他滚动了一下喉咙,上前从后面拥住正在为他整理衣服的苏晚,静静地环住她的腰。
背后的温暖,她手上的动作一顿,没有推开,也没有回头,两人保持着这个姿势。
直到蒋奇上来说时间不够了,苏晚才加快了整理的速度。
走的时候,杨景然再三叮嘱:“这些天没事就不要外出,如果要出门,一定要让送你跟着。”
她点头说好。
送走了杨景然,她坐在空荡荡的客厅,环视了一下房子,突然想起古诺第一次来时说的话:“你这连一张结婚照都没有,也敢叫婚房?!”
她垂下眼睑,是啊,她和杨景然之间,别说结婚照,就连婚戒都是杨振临时吩咐去拿了当年的最新款。
她这段时间,总在想,不管她有多在乎杨景然,他们之间,总是会出现太多的坎坷,大概真的走不到结局。

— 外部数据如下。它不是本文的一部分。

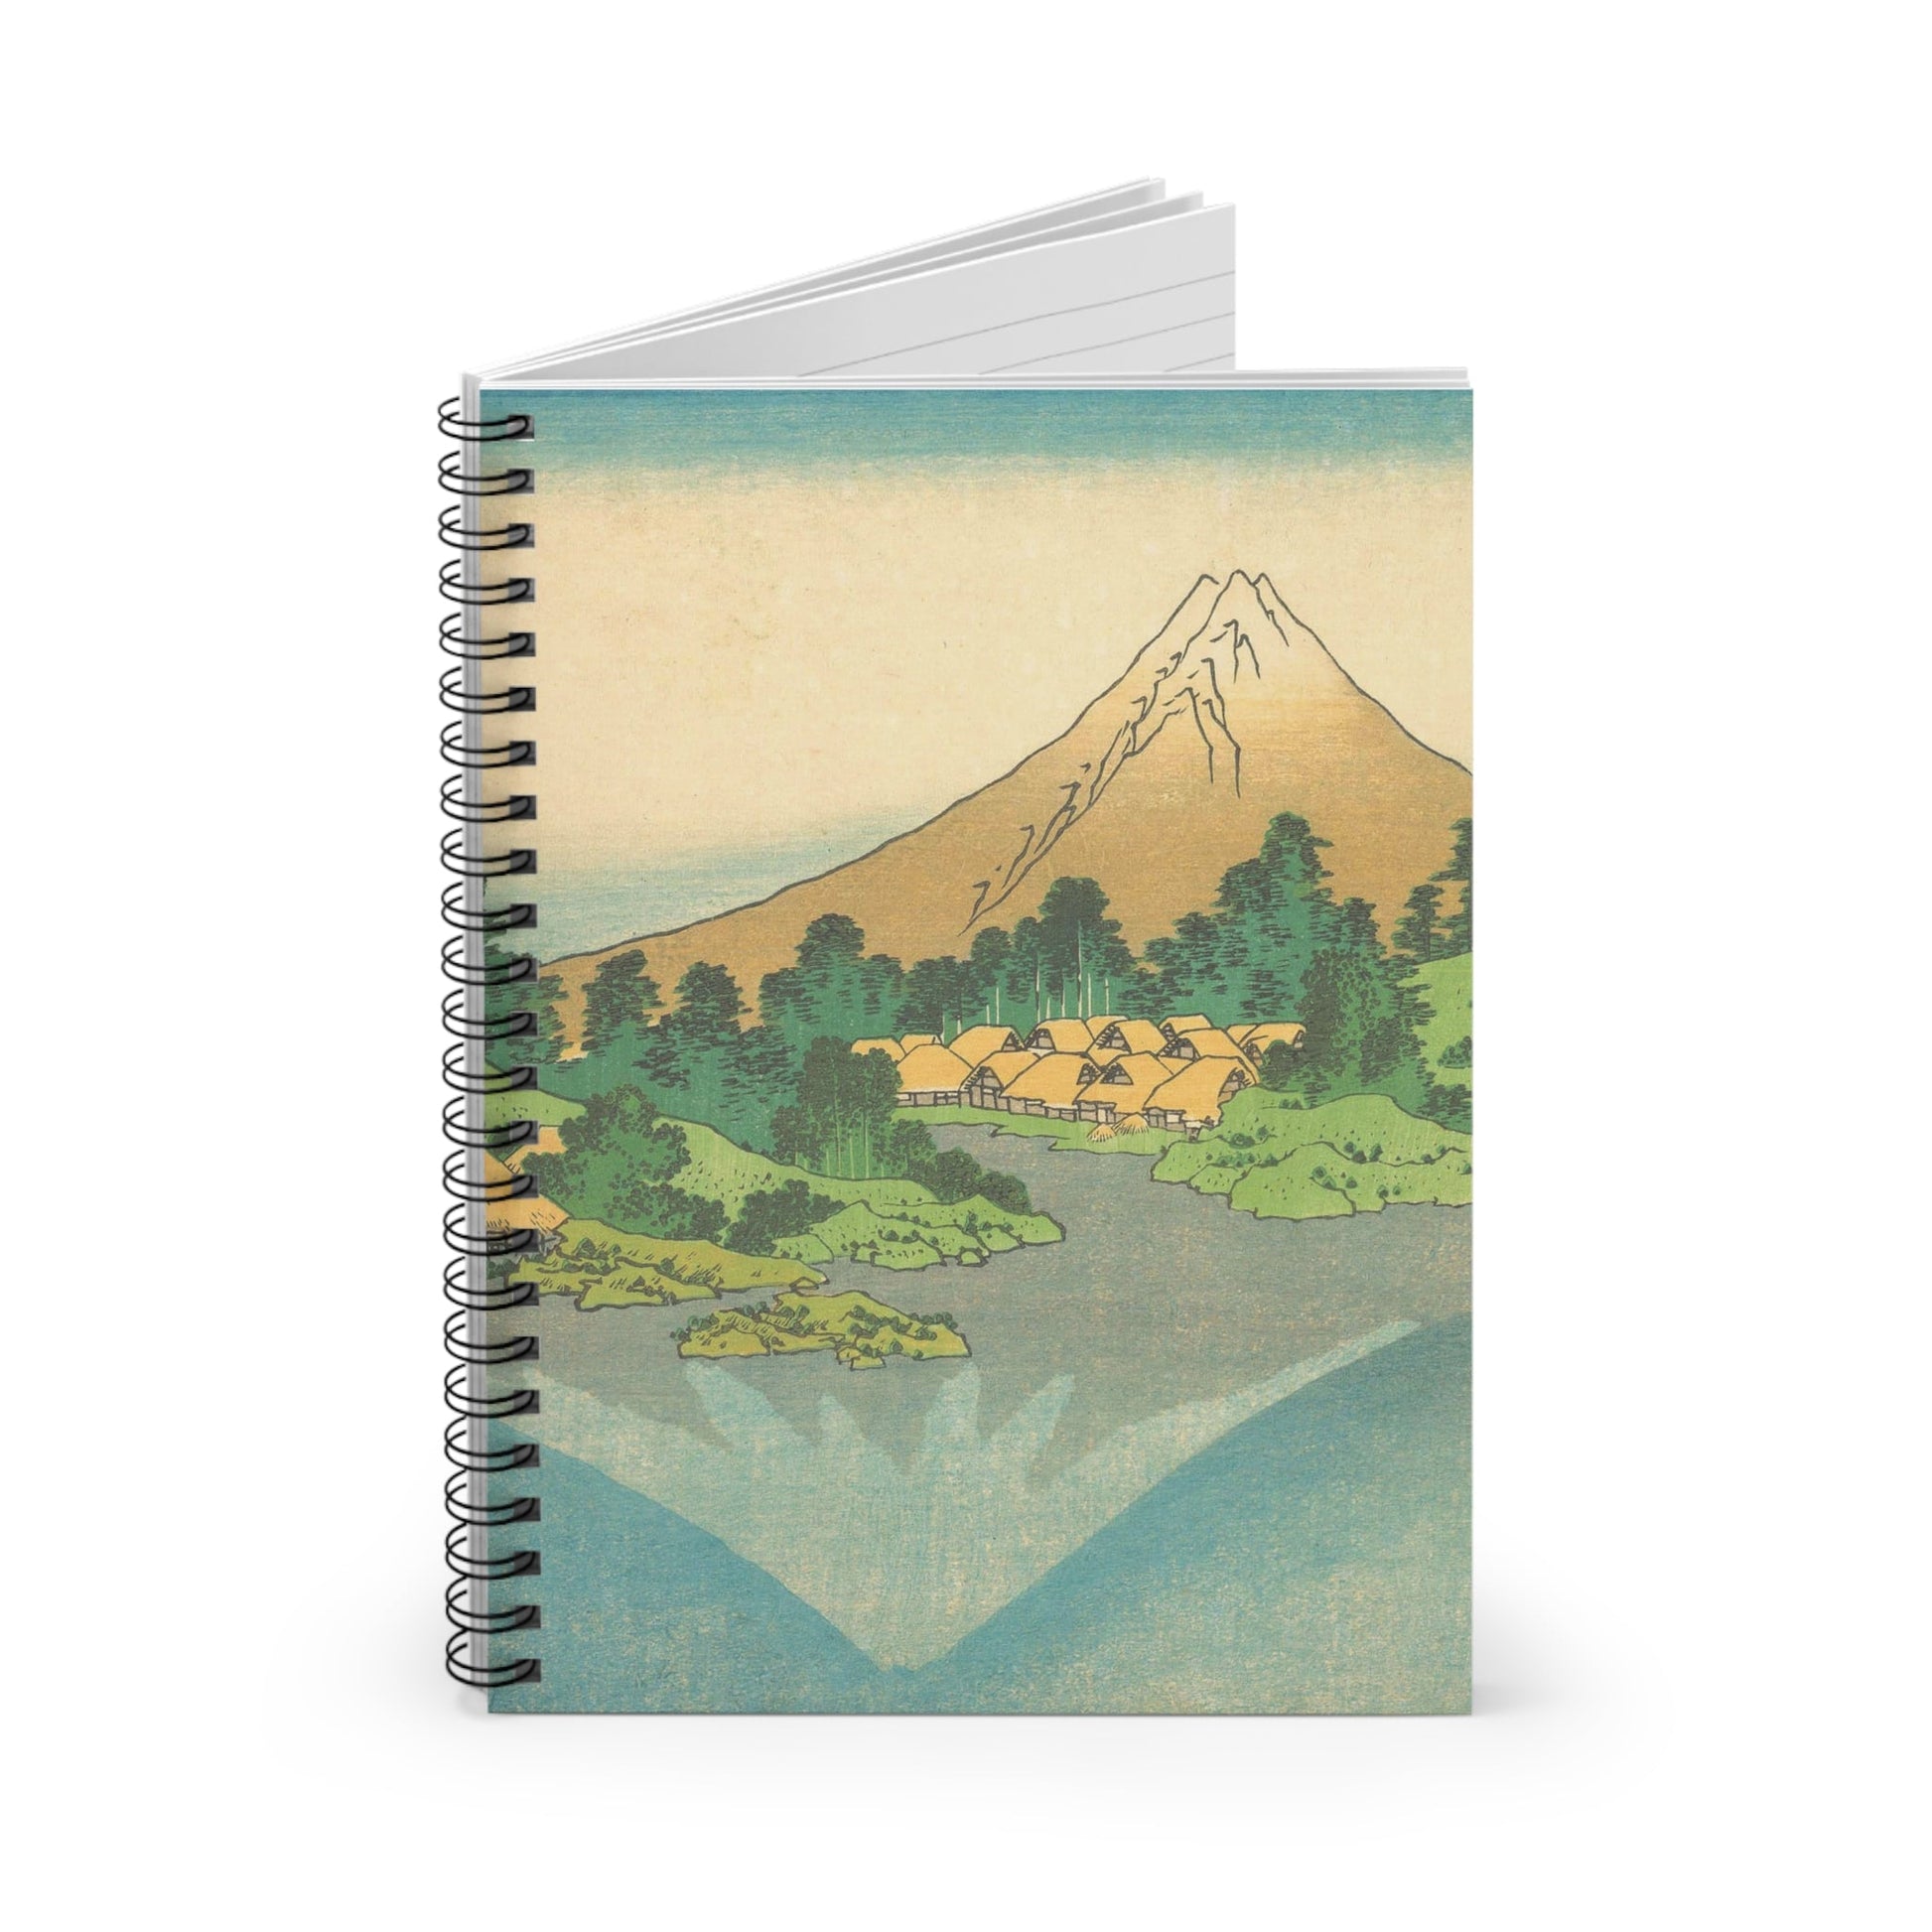 Japanese Mountain Spiral Notebook Standing up on White Desk

她是不是该放弃……
那天,她什么都没做,就坐在客厅的沙发上傻傻地发呆了一下午。
第二天是周末。
刚好是古蔺的生日,她先去古蔺最喜欢的那家糕点屋买了他最喜欢的榴莲千层蛋糕。
她到的时候,古诺跟护工正在做午饭。
古诺打开门后的第一句话就是:“我下午还有个单子要去谈,你能不能陪我哥出去走走?”
苏晚蹙眉:“他生日你都要出去?”
“这不有你嘛!”古诺笑嘻嘻地回答,见苏晚敛起了神情,微微有些严肃,解释到:“你知道的,我哥他这开销不小。还有护工阿姨的工资,虽然阿姨人好说不用加钱,可她都做了三年了……”
古诺朝她眨巴眨巴眼,然后说:“再说了,我是托你的面子才进公司的,如果不一直保持绩效第一,不是打你脸么!”
“好了,我知道了。”苏晚点头,“我先去看看阿蔺。”
“嗯。不过你注意一下,他这两天心情都不太好,不喜欢人去打扰他。”古诺提醒到,想了想又觉得自己多虑了:“不过也对,如果看见你,他应该高兴还来不及。”
“你这不会是吃醋吧!”苏晚取笑了一下古诺,朝最里屋走去。
她敲了敲门,刚扭动门把手,还没来得及推开,就感觉门虎躯一震,随即是瓷器碎裂的声音。
她试着推开房间,屋内有些暗,只有电脑处透着微光。
苏晚的手伸进门口右侧打开屋里的等,还没来得及看清屋内的景象,迎面就一个砸来一个枕头。
屋内变亮后,看见来人,古蔺惊呼一声:“晚晚!”
她抬手接住枕头,看着坐在电脑前的男孩,不对,准确的说应该是男人。皮肤白皙,眉清目秀,本来阳光爽朗的俊脸上萦绕着低沉。她打趣道:“还好是个枕头,这要是其他的大件东西,我还真接不住。”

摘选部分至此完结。